This thing has HD color output...that's definitely not identical, but it's not
a bad thing. The audio output is also a modern signal path...we probably
wouldn't want it to be the same whiny/noisy output as the original at this
price. And, oddly, some people do what's called a "prosound mod" on original
GameBoys to clean it up a bit and obtain better frequency response, though I
think that's silly...I just embrace all the quirks and accept that it's how
GameBoy music sounds, if I wanted pristine I'd use my 24-bit 192KHz interface
on my computer that's like a million times more powerful.

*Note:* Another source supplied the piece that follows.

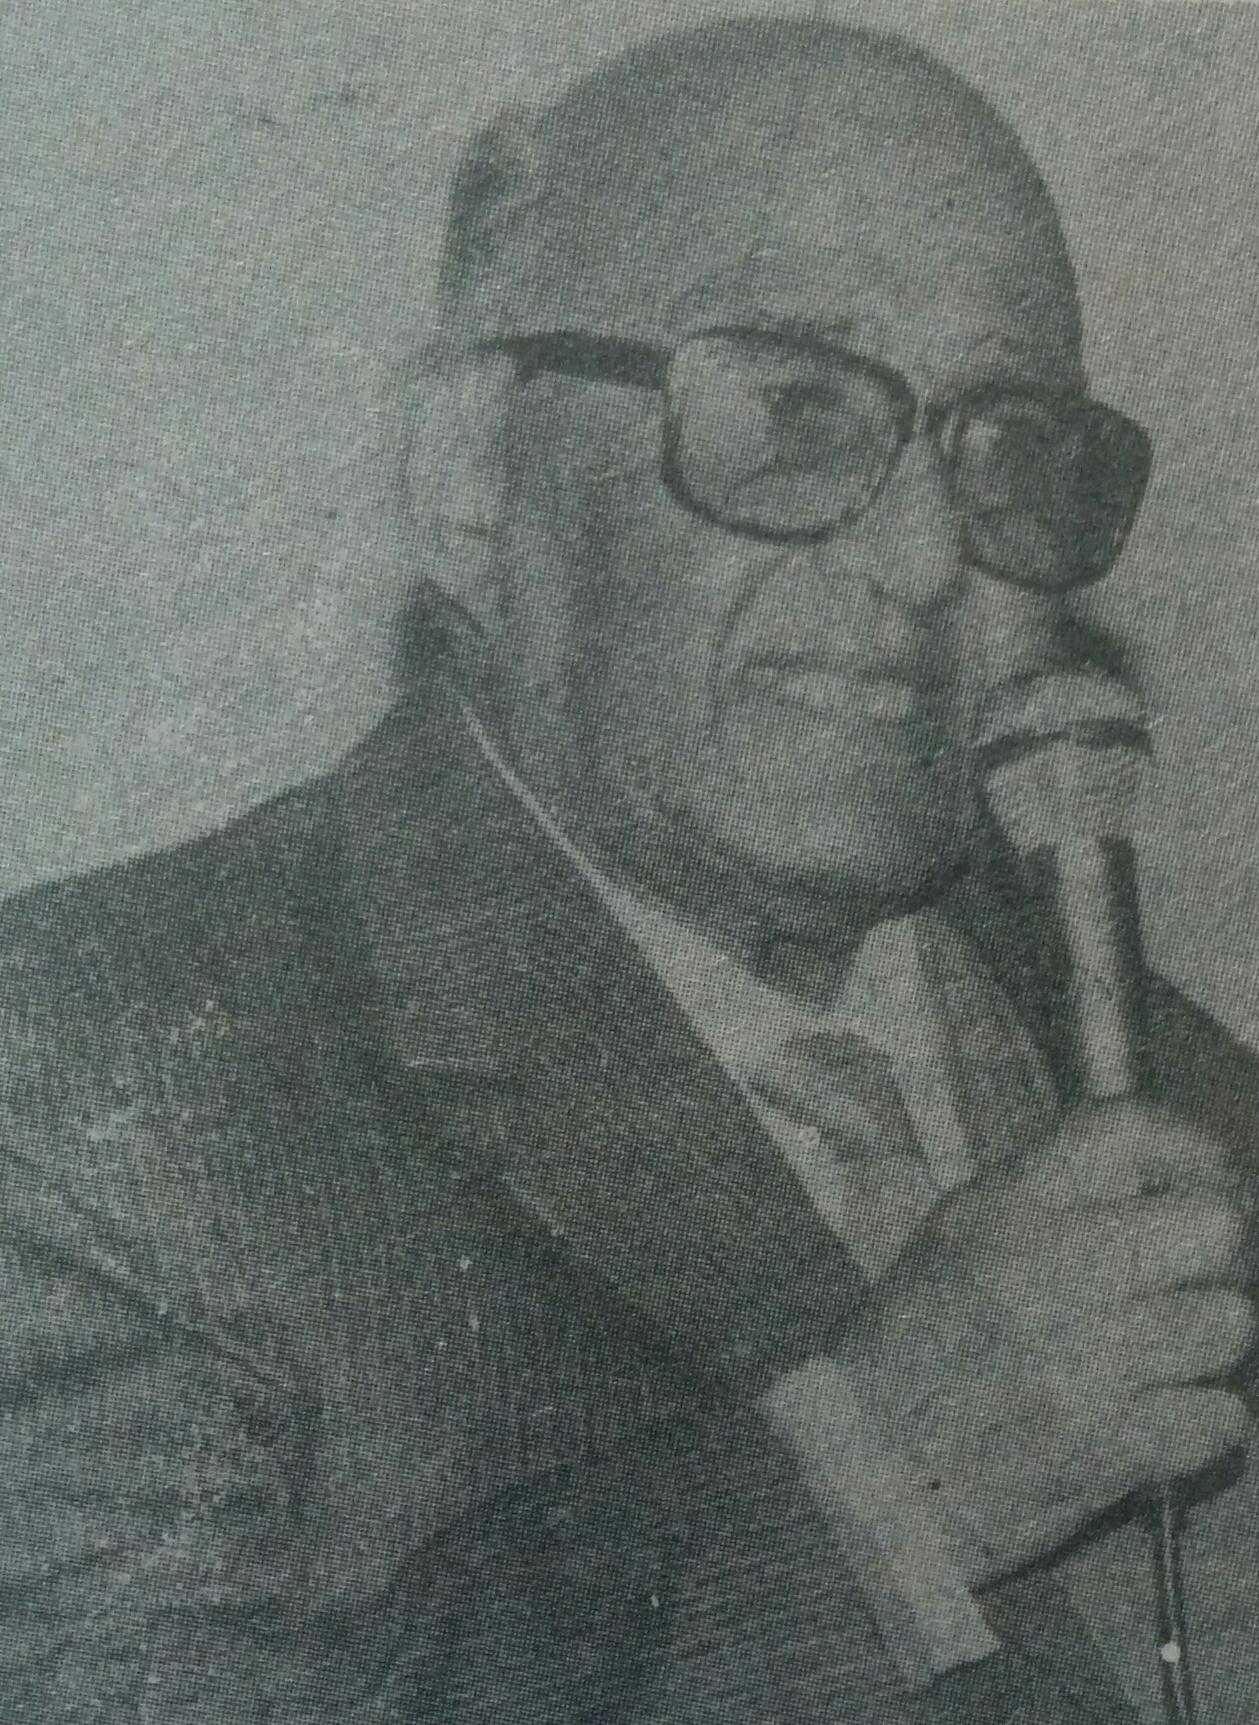 Don Vicente José Abriola (1907-2003), un dirigente político y deportivo, ejemplar e inolvidable.

I think the cool thing about projects like this (and I'm excited about several
of them) is that we get devices that we don't worry about dying, that remind
us strongly of the ones we grew up with or enjoy tinkering with because of
their limitations. Even if they aren't identical. If you really want
identical, just buy a GameBoy. You can get original ones in good working
condition for cheaper than this (though you might have to go through a few to
get one that's actually in good working condition without screen problems...I
bought like five on eBay to end up with two in mostly good shape, but the one
with the best screen has also developed dead vertical lines since I've had it,
but total spent was probably less than $200, including shipping).

------
swalls
Oh man, this looks great. I've been wanting a system that you can program
close to the metal like this.

That being said, I think this will be just for the programmer enthusiasts,
$200 is a pretty hefty price for consumers considering you can make a Pi that
can emulate a lot of retro consoles for cheap. Understandably expensive,
though, given what this is.

------
NetOpWibby
The hardware looks incredible.